» **DATA RECORDS**:
Segment Open
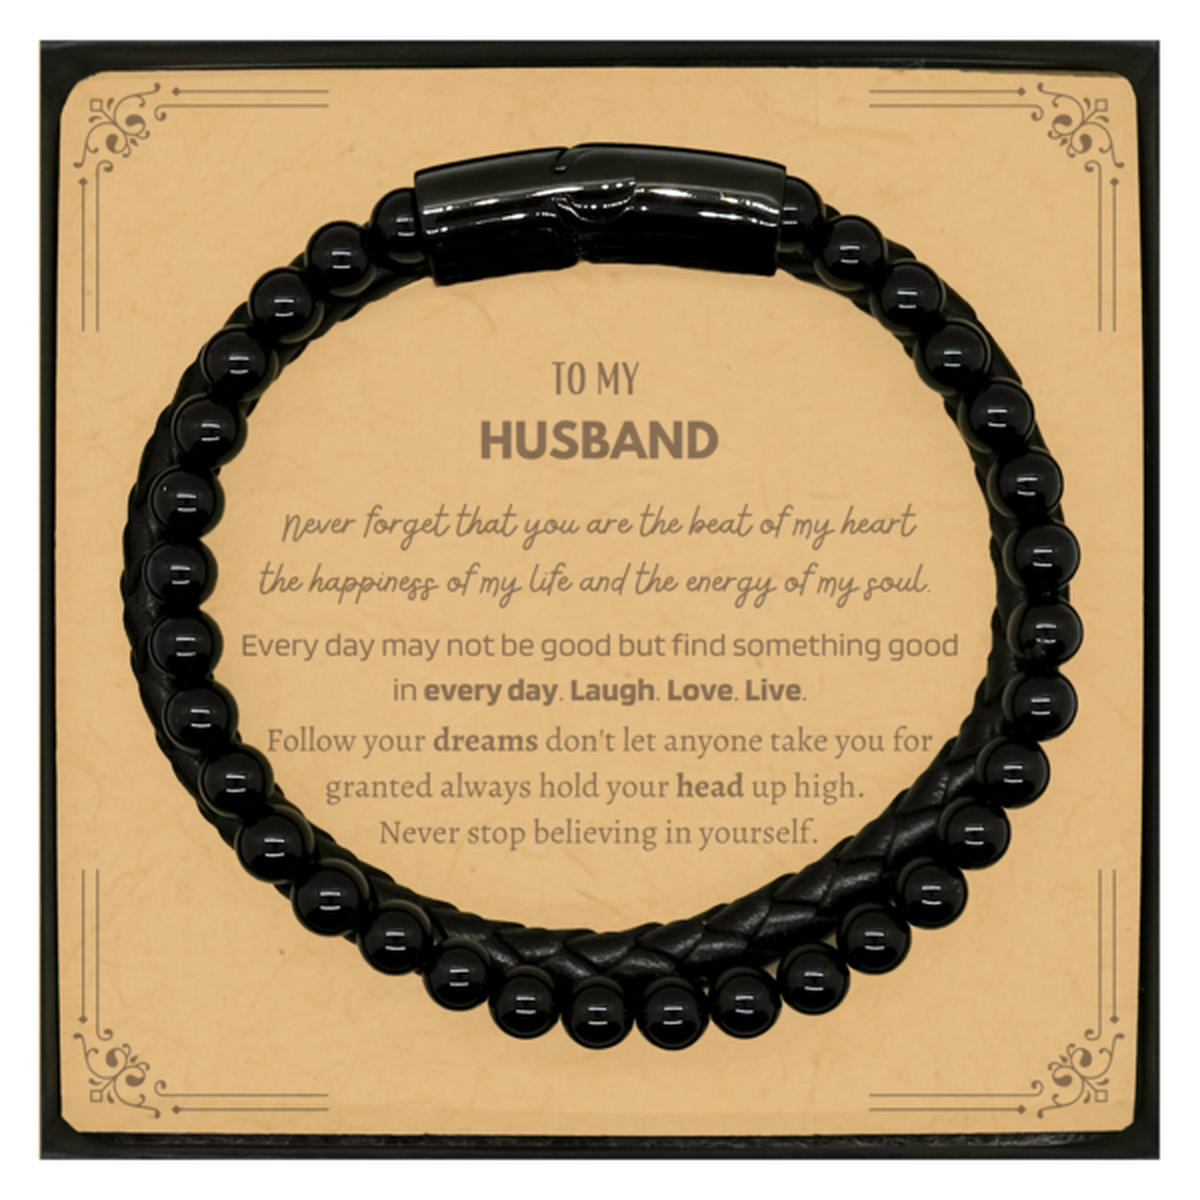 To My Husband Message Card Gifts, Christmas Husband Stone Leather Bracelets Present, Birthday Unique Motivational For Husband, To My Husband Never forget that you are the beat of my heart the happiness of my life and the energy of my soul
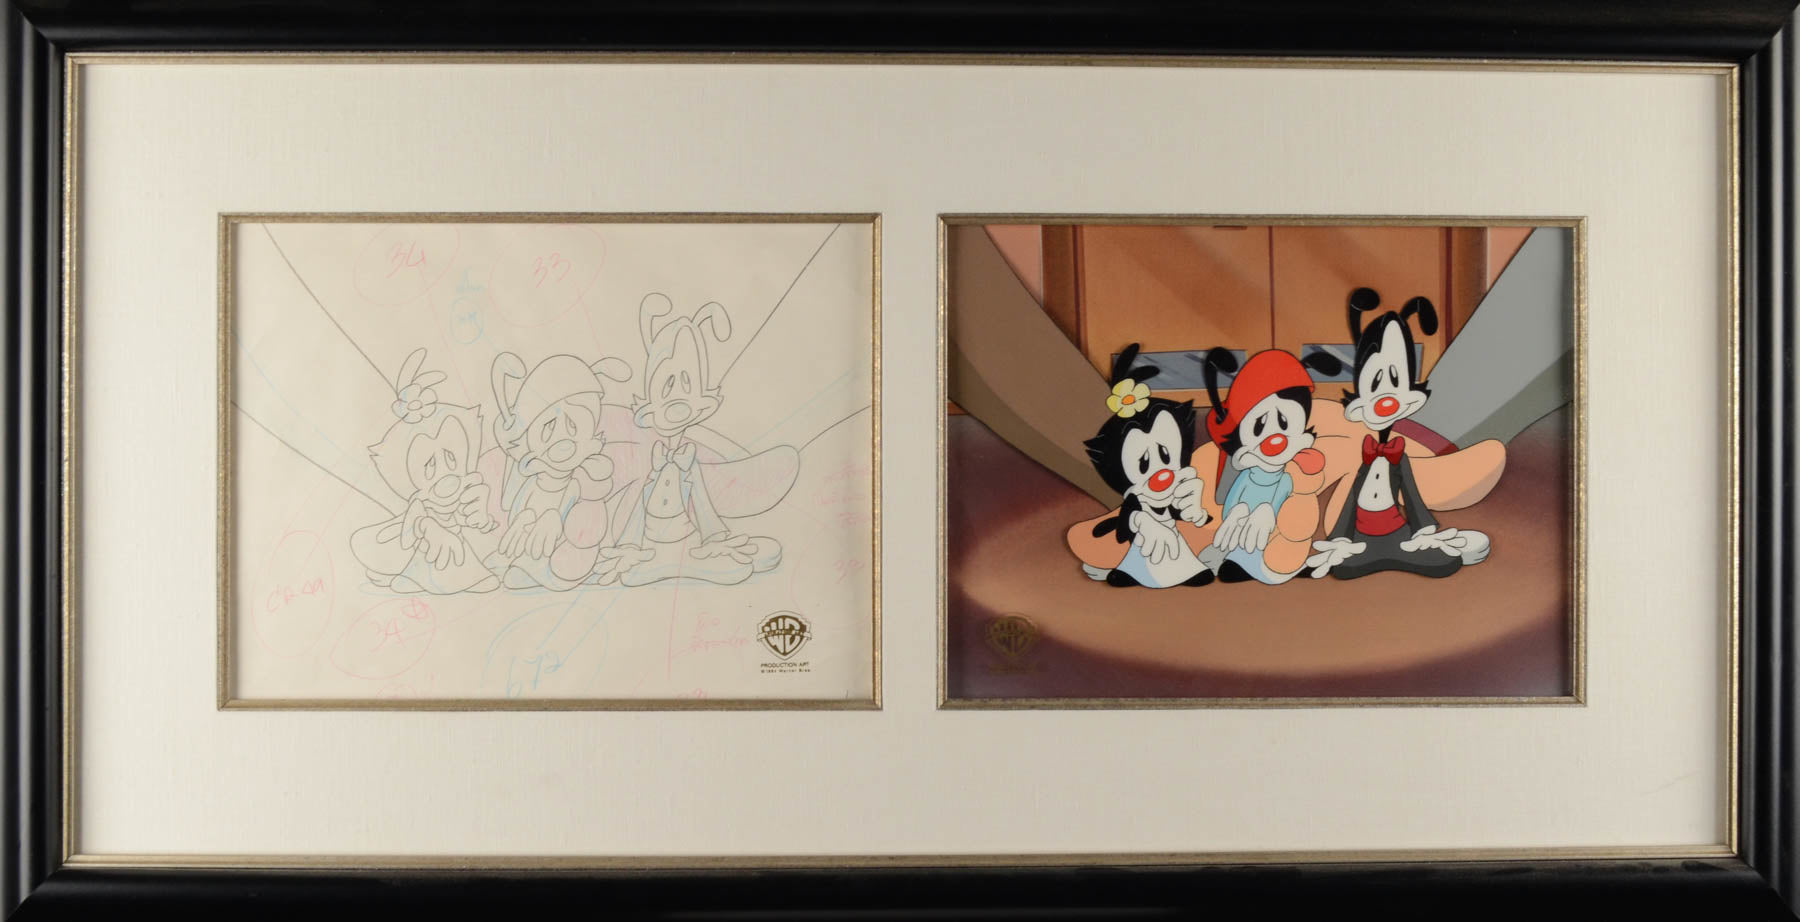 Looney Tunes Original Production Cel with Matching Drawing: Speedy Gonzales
Segment Closed
Segment Open
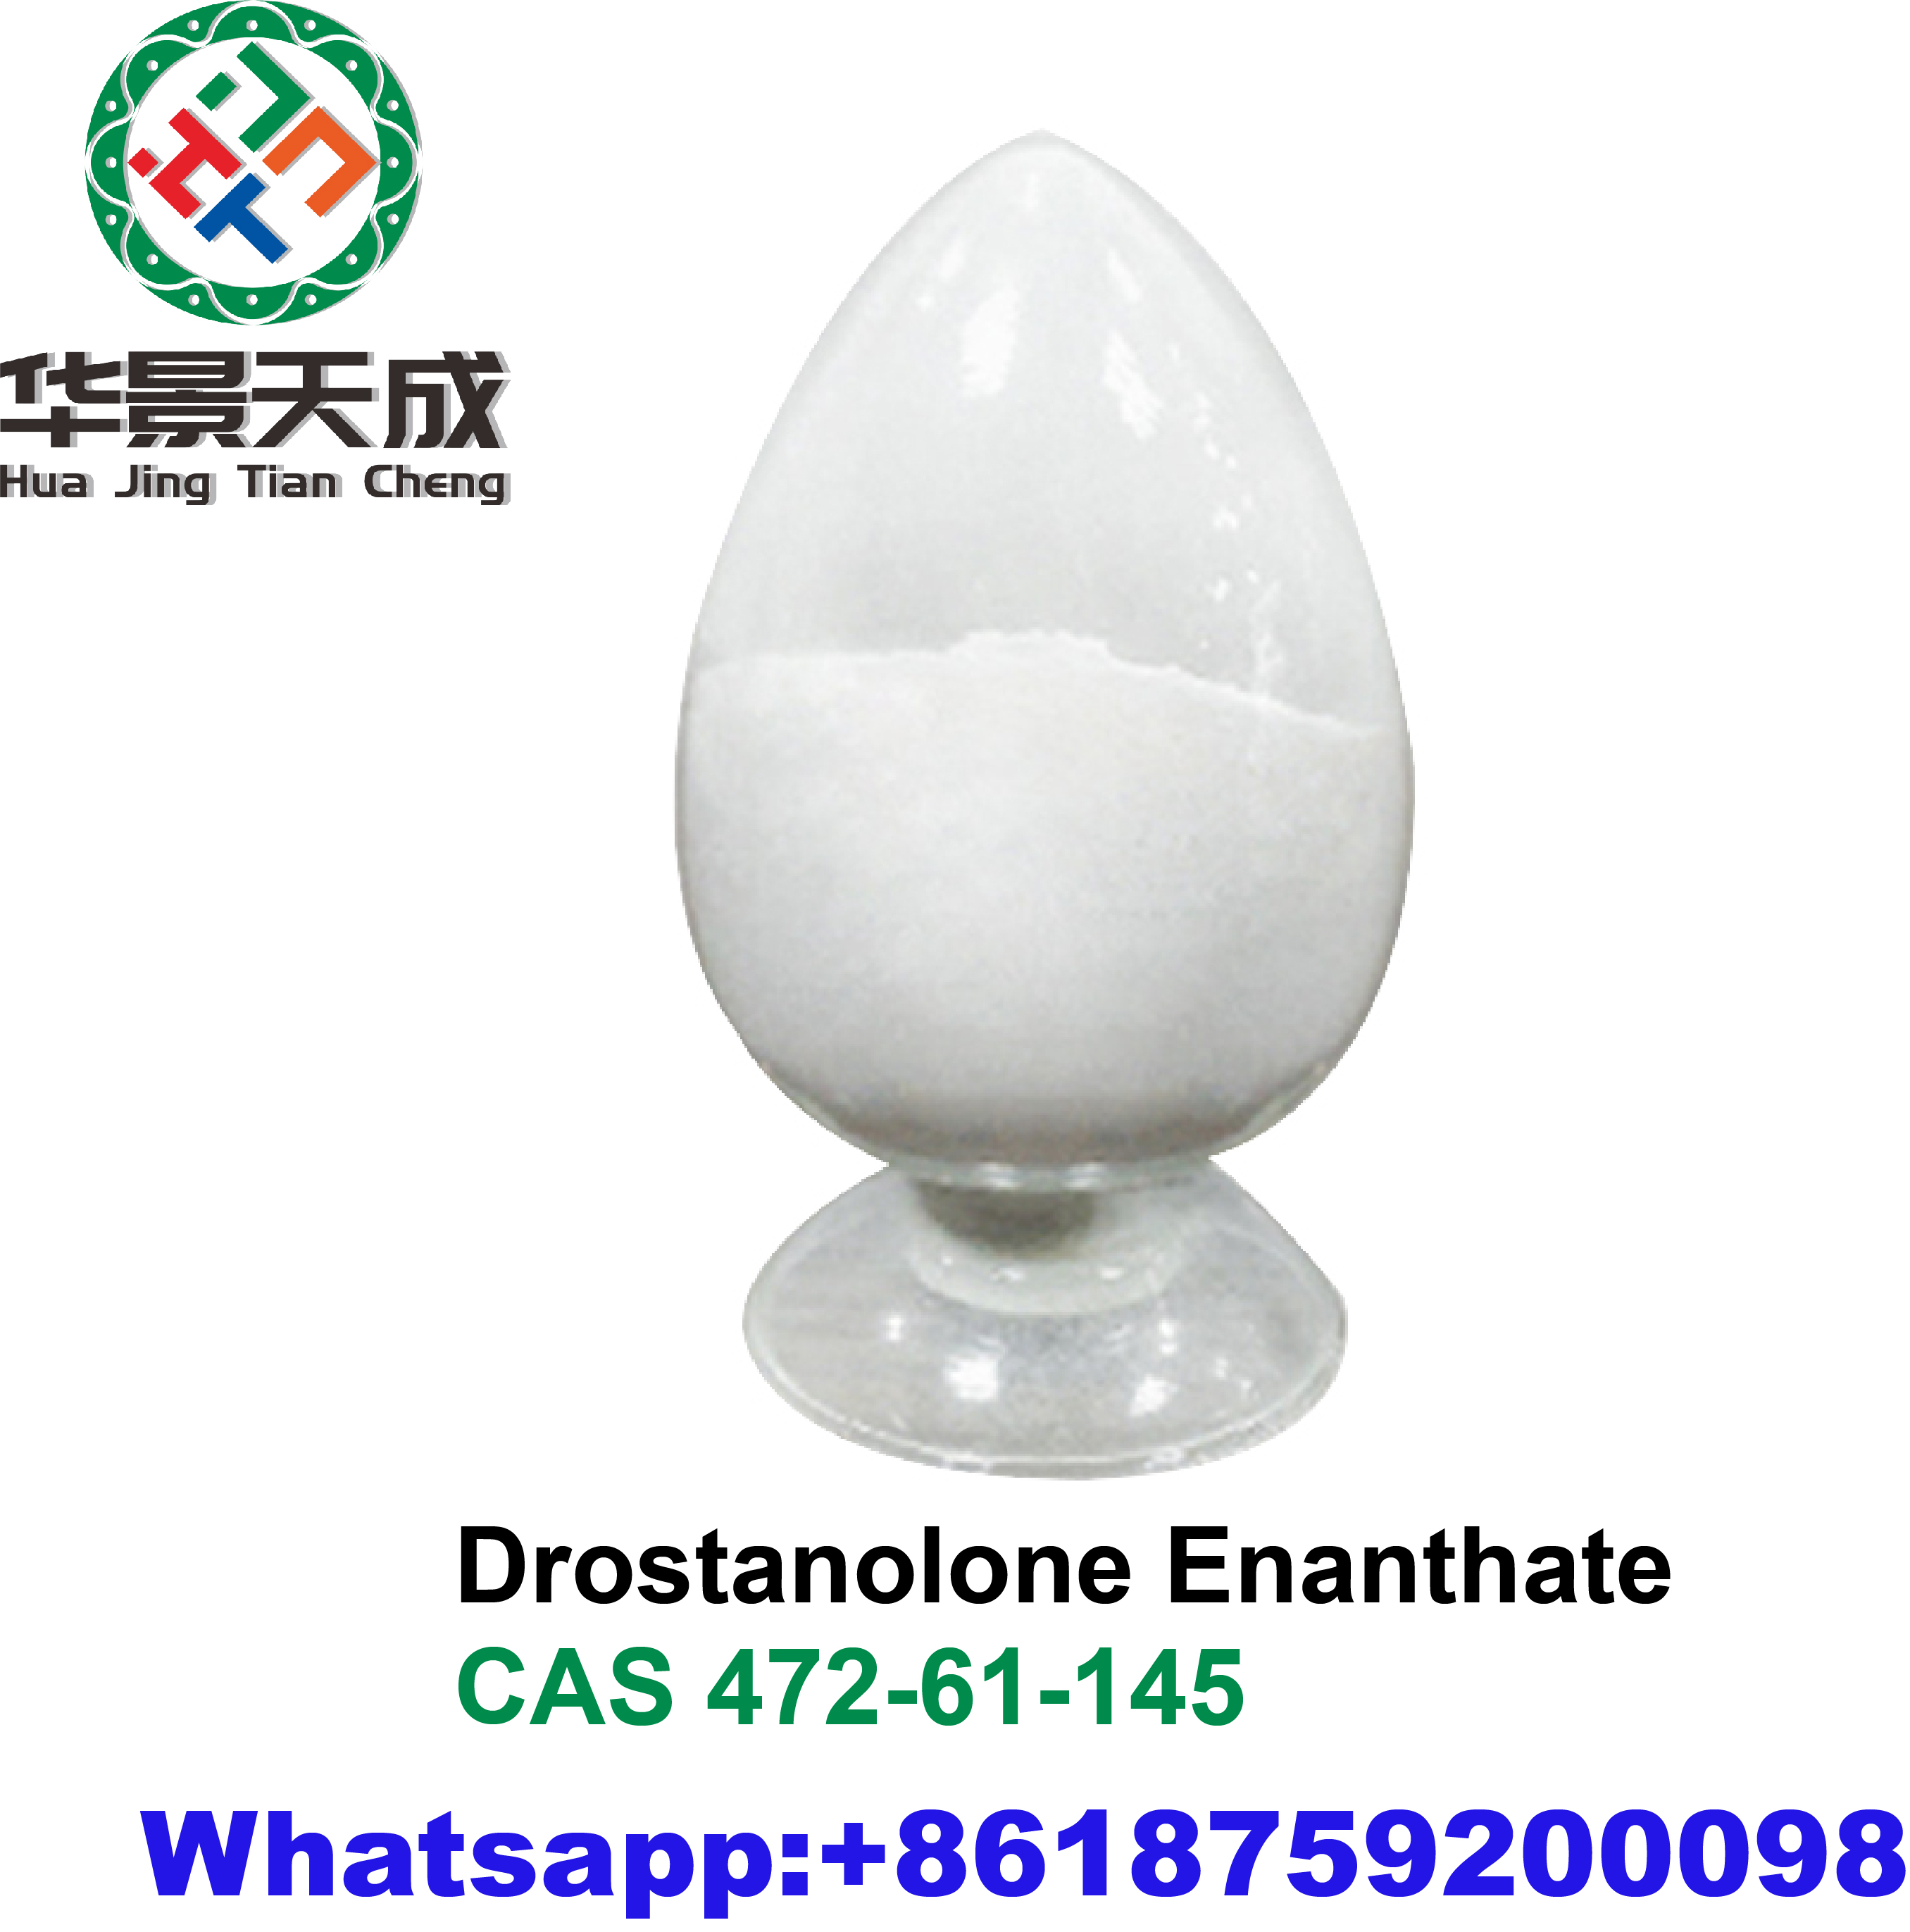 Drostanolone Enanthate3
Segment Closed
Segment Open
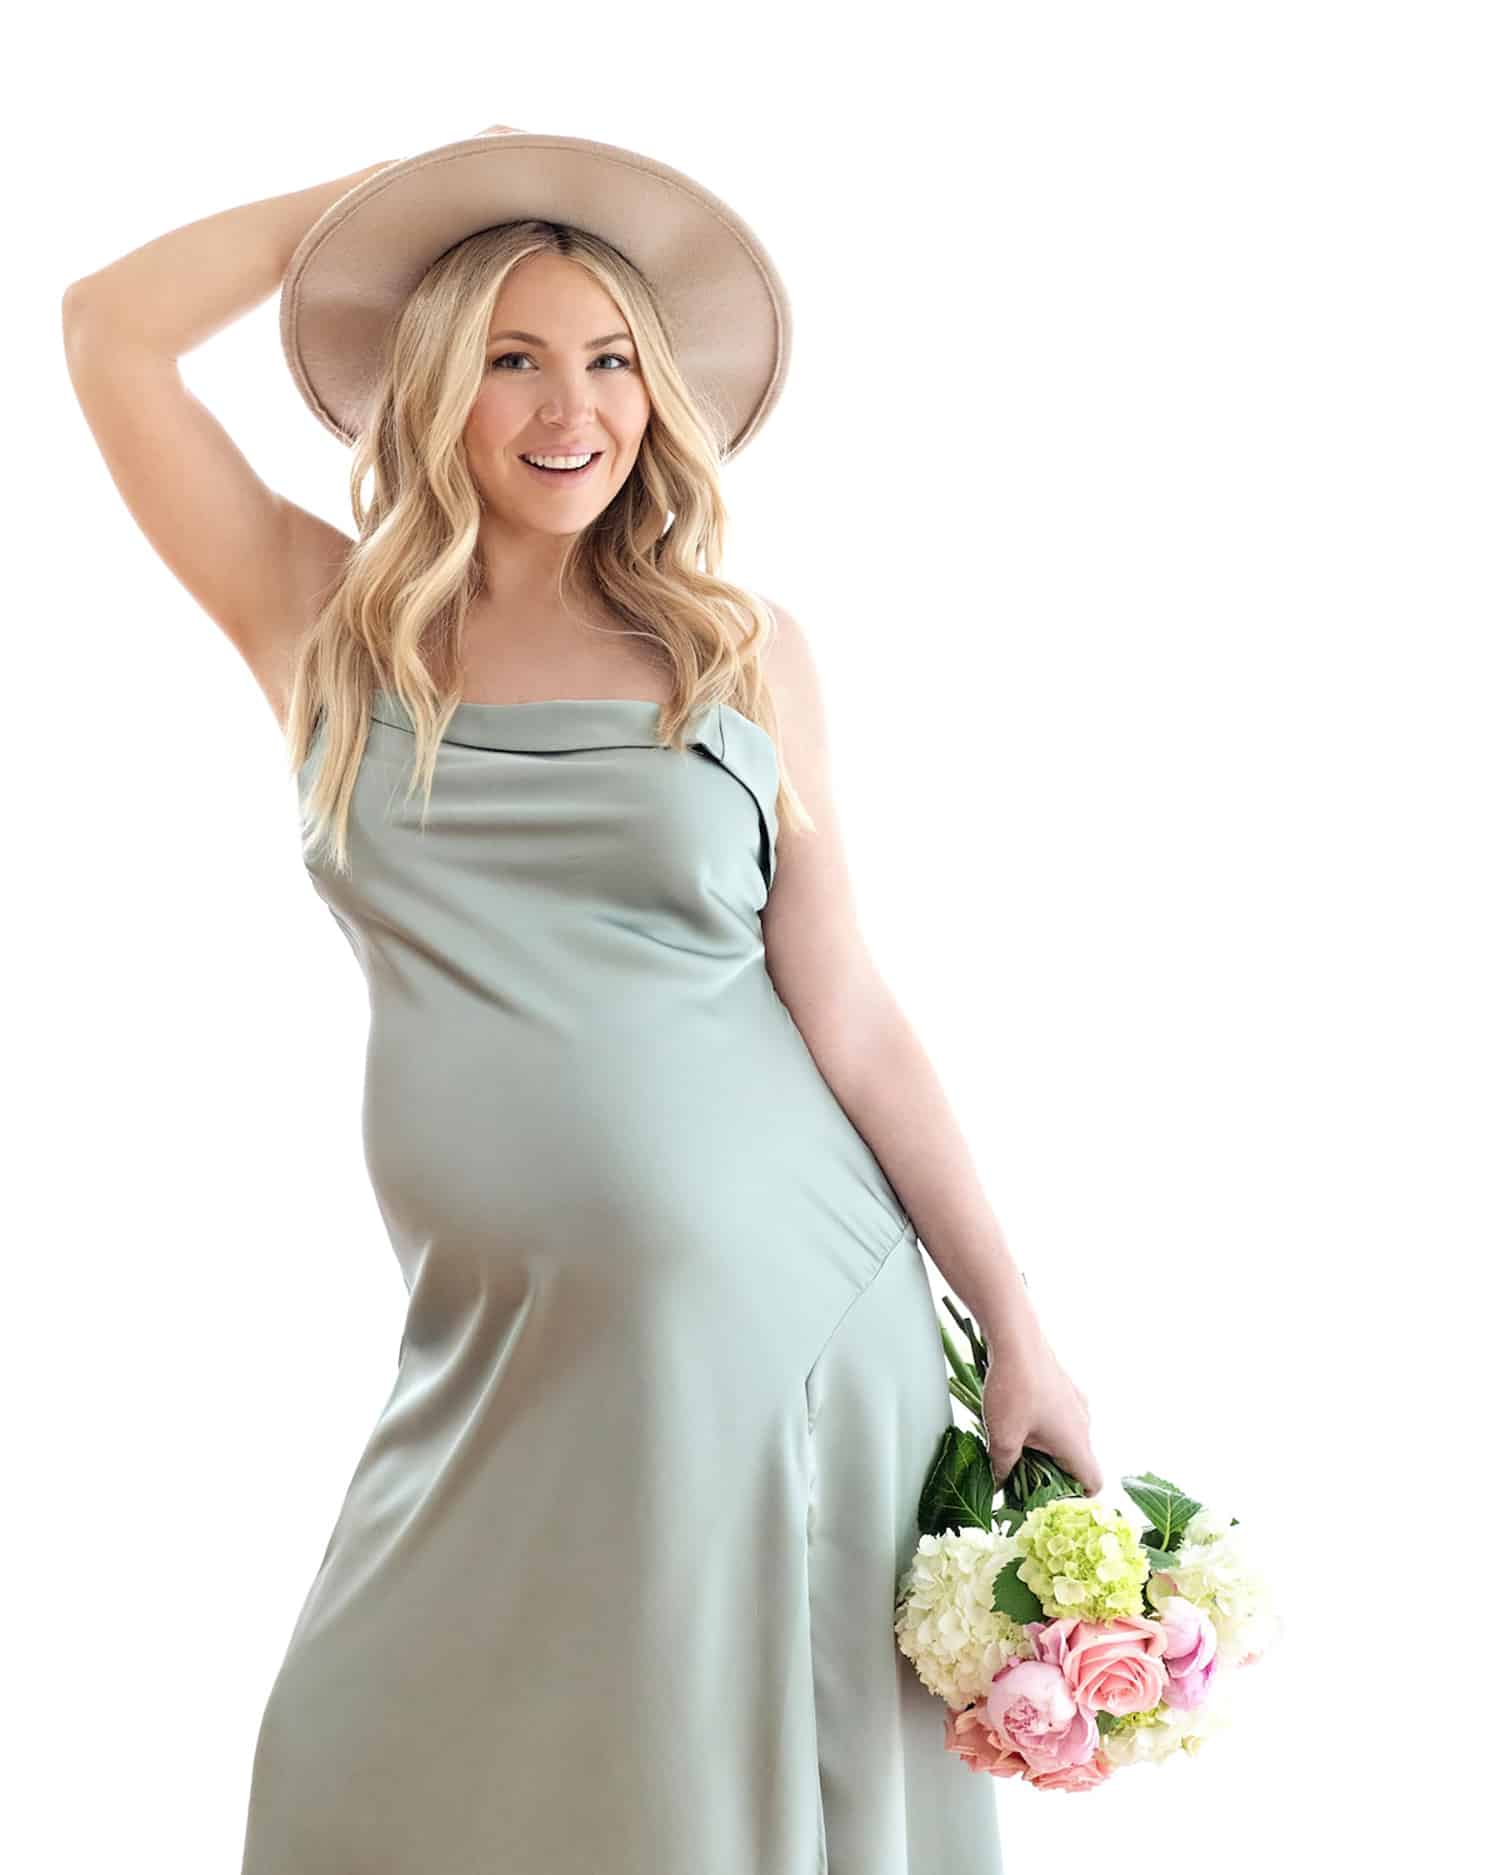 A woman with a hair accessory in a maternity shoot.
Segment Closed
Please set down, exactly and with no pictures, the lines in the entries above starting at the one holding "To My Husband Message" and ending at the one holding "Looney Tunes Original", ends included.

» **ANSWER TO THIS PROBLEM**:
 To My Husband Message Card Gifts, Christmas Husband Stone Leather Bracelets Present, Birthday Unique Motivational For Husband, To My Husband Never forget that you are the beat of my heart the happiness of my life and the energy of my soul
 Looney Tunes Original Production Cel with Matching Drawing: Speedy Gonzales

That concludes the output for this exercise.